Step 2 - Materials

Generic Materials 

The following is a list of generic materials used in craft construction in 2300AD. These materials are derived from the Armour Value table in the Director's Guide and the Materials table in the Naval Architects Manual.

For the purposes of this design sequence, two assumptions have been made -

1. That the armour value of a material, listed in the Director's Guide, is per centimetre of that material.

This means that 2 cm of Aligned Crystal Steel would have an Armour Value of ( AV 1.5 x 2.0cm = ) 3.

Note that for the purposes of explosive penetration and breaching charges only, the material armour value used is unmodified by thickness. Thus, an EP 4 explosive would penetrate ( EP 4 / AV 1.5 = ) 2.67 cm of the same 2 cm thick Aligned Crystal Steel and make a hole 1.17 cm across.

This document uses the acronym MAV for the Material Armour Value ( i.e. AV per cm ) and the acronym CAV for the Combat Armour Value ( i.e. MAV x thickness in cm ).

( Note that in reality armour toughness does not increase linearly with thickness. However, the above is a reasonable approximation, and will do for the purposes of this design sequence. )

2. That the material listed as "Metallics" in Star Cruiser is equivalent to "Aligned Crystal Steel" in the Director's Guide.

There are two reasons why I chose Aligned Crystal Steel as my common ground between both Star Cruiser and 2300AD. The first is that the 2300AD technological base assumes great advances in material technology according to the Director's Guide. If this is the case then I do not believe that Starships would be constructed out of inferior hardened steel, especially since most Starships will be constructed in orbital facilities, where Aligned Crystal Steel is manufactured. Secondly, the choice of Aligned Crystal Steel as a baseline also produces a nice correlation between SC Composites and DG Composite Matrix Armour.

Based on these two assumptions, the materials table looks as follows -

The Signature table lists two values - the first is the signature modifier used by this system, the second ( in parentheses ) is the Naval Architects' Manual modifier for the material.

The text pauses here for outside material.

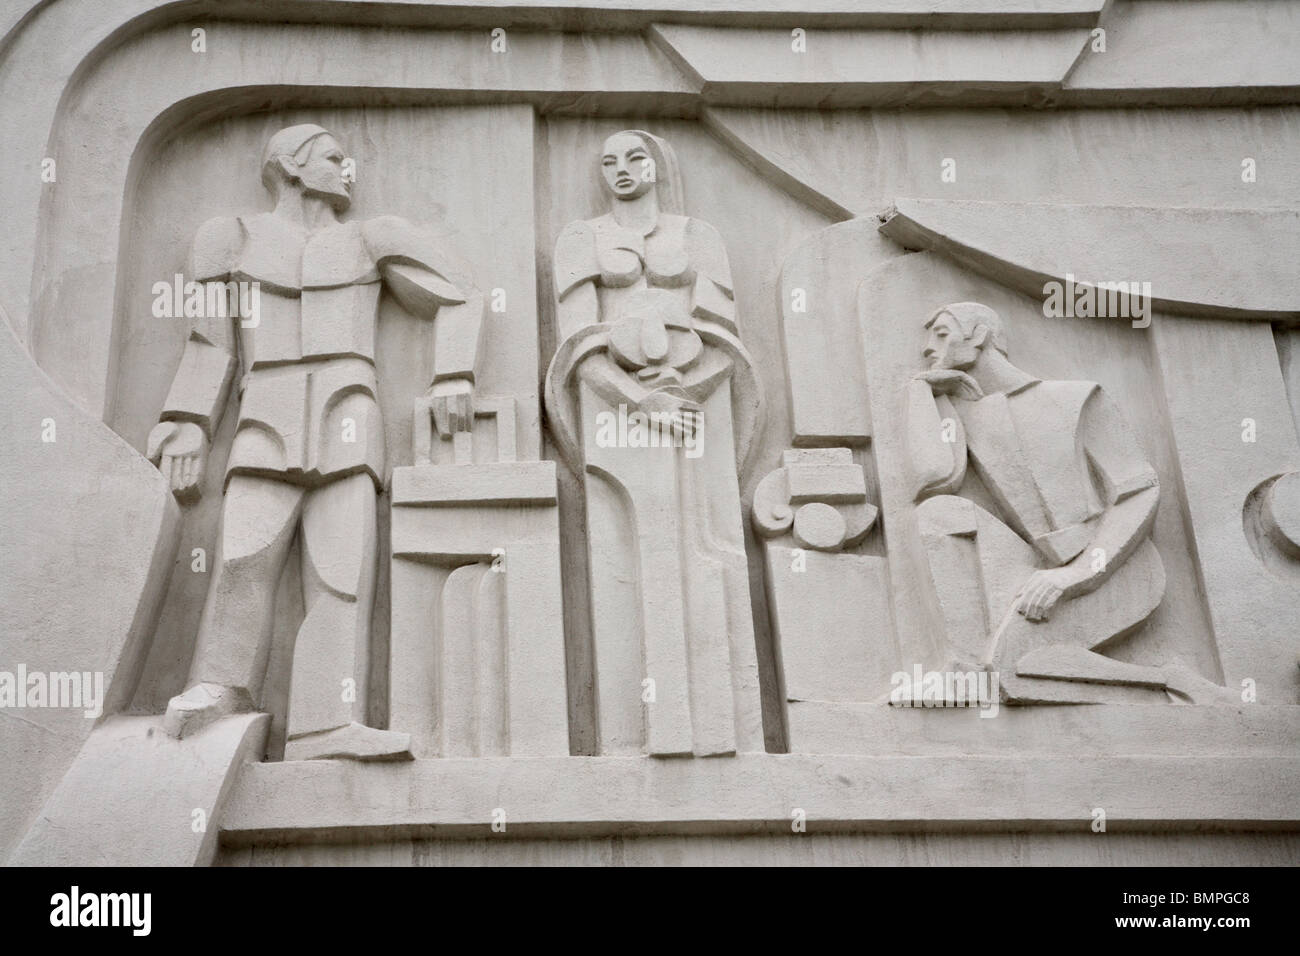 Decorative relief sculpture on the side of the airport at Bishkek, Kyrgyzstan, Middle East. Stock Photo
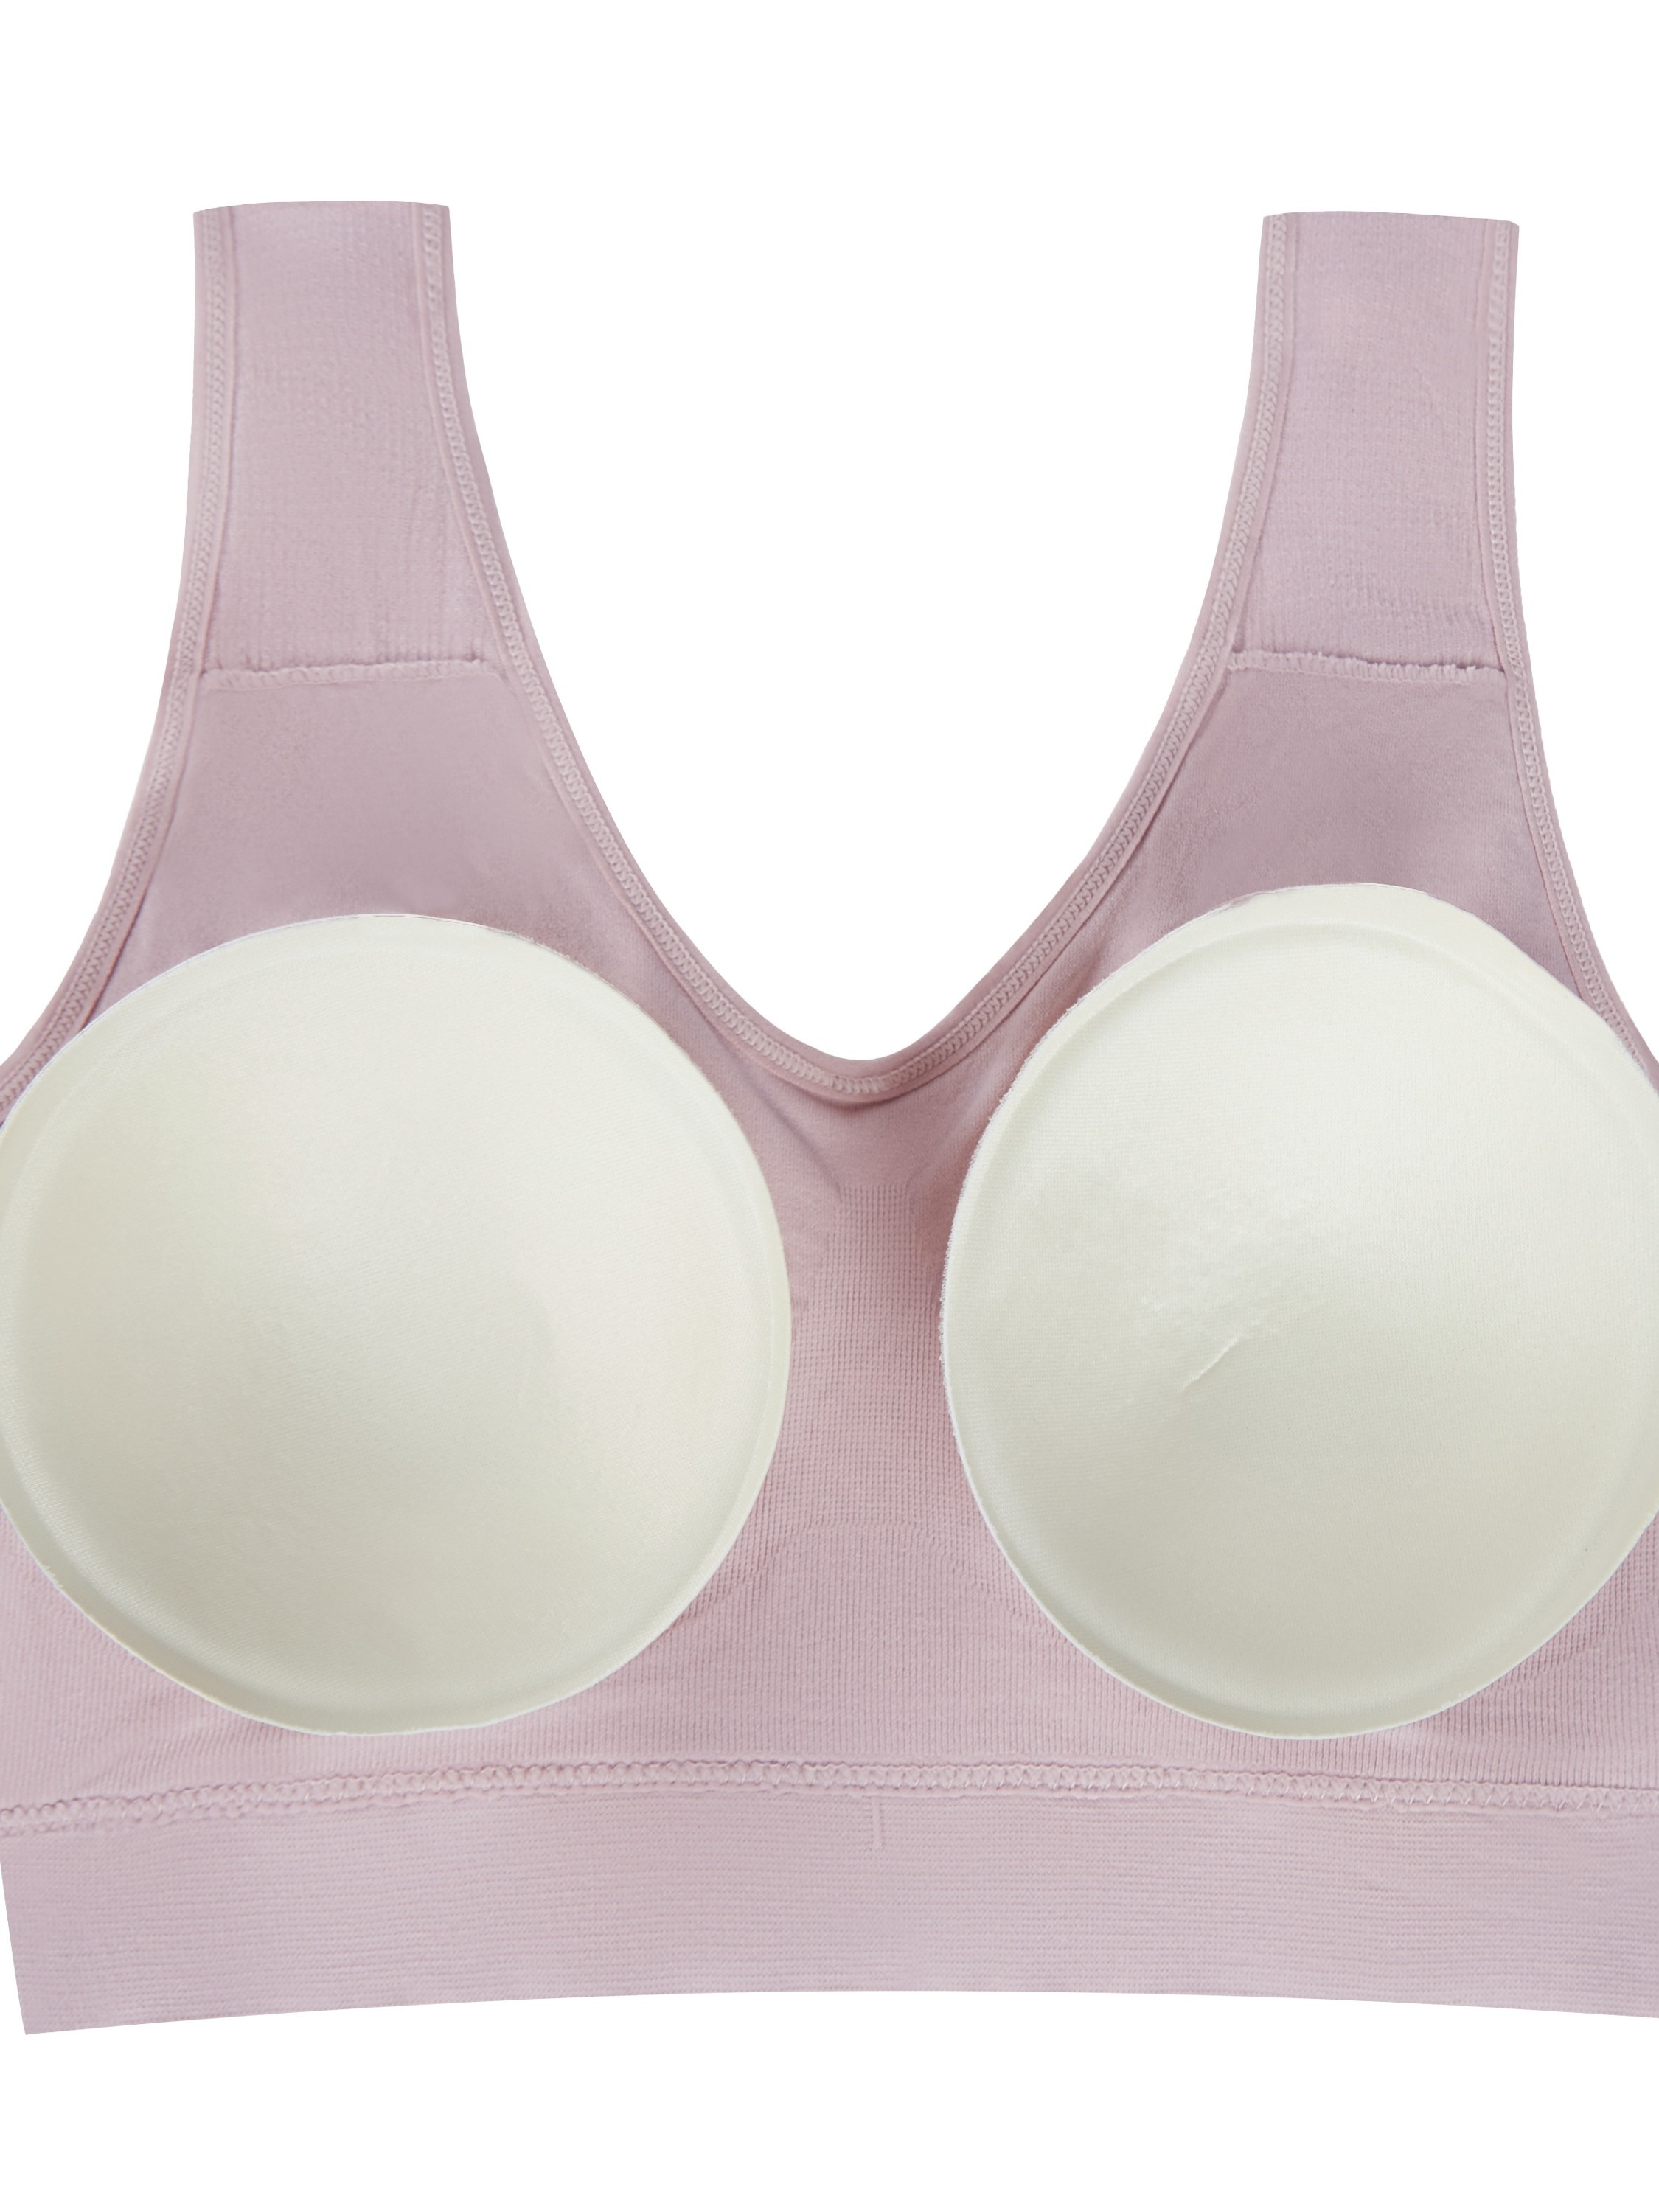 MRULIC sports bras for women Women's Seamless MID Solid Color Sports Bra  With Removable Bra Pad Rose Gold + 4XL

The Star Cruiser Armour Multiplier is provided so that the above table can be used with an otherwise unchanged Naval Architects' Manual if desired. It is not used for this design sequence, however - see below for the conversions between Star Cruiser and 2300AD. Note that the product of multiplying the Material Armour Value by the SC Multiplier should always equal 6 exactly - this should aid the Director in designing new materials to extend the above table.

Material Definitions

• Soft Steel is ordinary unhardened steel.
• Hardened Steel is an alloy of Steel and another metal, usually Titanium.
• Aligned CrystalSteel is steel that has been produced in a zero-g environment, and thus has a structure which is undistorted by heat convection and so forth. It is not usually alloyed.
• Synthetics is a broad term that covers most molecular-engineered "designer" polymers.
• Low Profile Synthetics are as per Synthetics but have electromagnetic radiation absorption properties.
• Advanced Synthetics are either polymers with reinforced covalent bonds, or electropolymorphic polymers whose integrity is increased with the application of electrical energy ( 1 MW per m³ quadruples material armour value ). The latter cost 4 times as much as ordinary Advanced Synthetics and have the same MAV rating when not powered.
• Construction Composites are not normally used in vehicle construction. They are materials used to construct buildings and other immobile structures. They are listed here for completeness.
• Composites / Composite Matrix Armour includes such multi-layer armours as boron reinforced, depleted uranium backed with titanium backing, and so forth.
• Advanced Composites are a "catch-all" for advanced metallic-ceramic laminates.
• Herculanium is an invention from my own campaign. Here I use it as the name for alloys with element number 114 which does not occur in nature but which must be made artificially. Atomic Theory predicts an island of stability around Atomic Number 114, with super-heavy elements that do not decay radioactively. Since the 1960s, people have been trying to make such elements. Since element 112 is the heaviest so far to be synthesised, ( a few atoms that lasted for millionths of a second ), no one really knows the physical properties of these metals. The proper name for element 114 is ununquadrium.

Transparent Materials

Viewports and so on are usually constructed from Optically Enhanced Synthetic Diamond. This is artificially created diamond, grown in slab shaped crystals and then shaped with lasers to reduce optical distortion. An special chemical layer is then deposited on the surface to reduce glare and UV radiation. The same chemical layer is rendered opaque in thousandths of a second by sudden high energy flashes to protect eyesight.

Synthetic Diamond can only be machined with diamond tipped tools or lasers.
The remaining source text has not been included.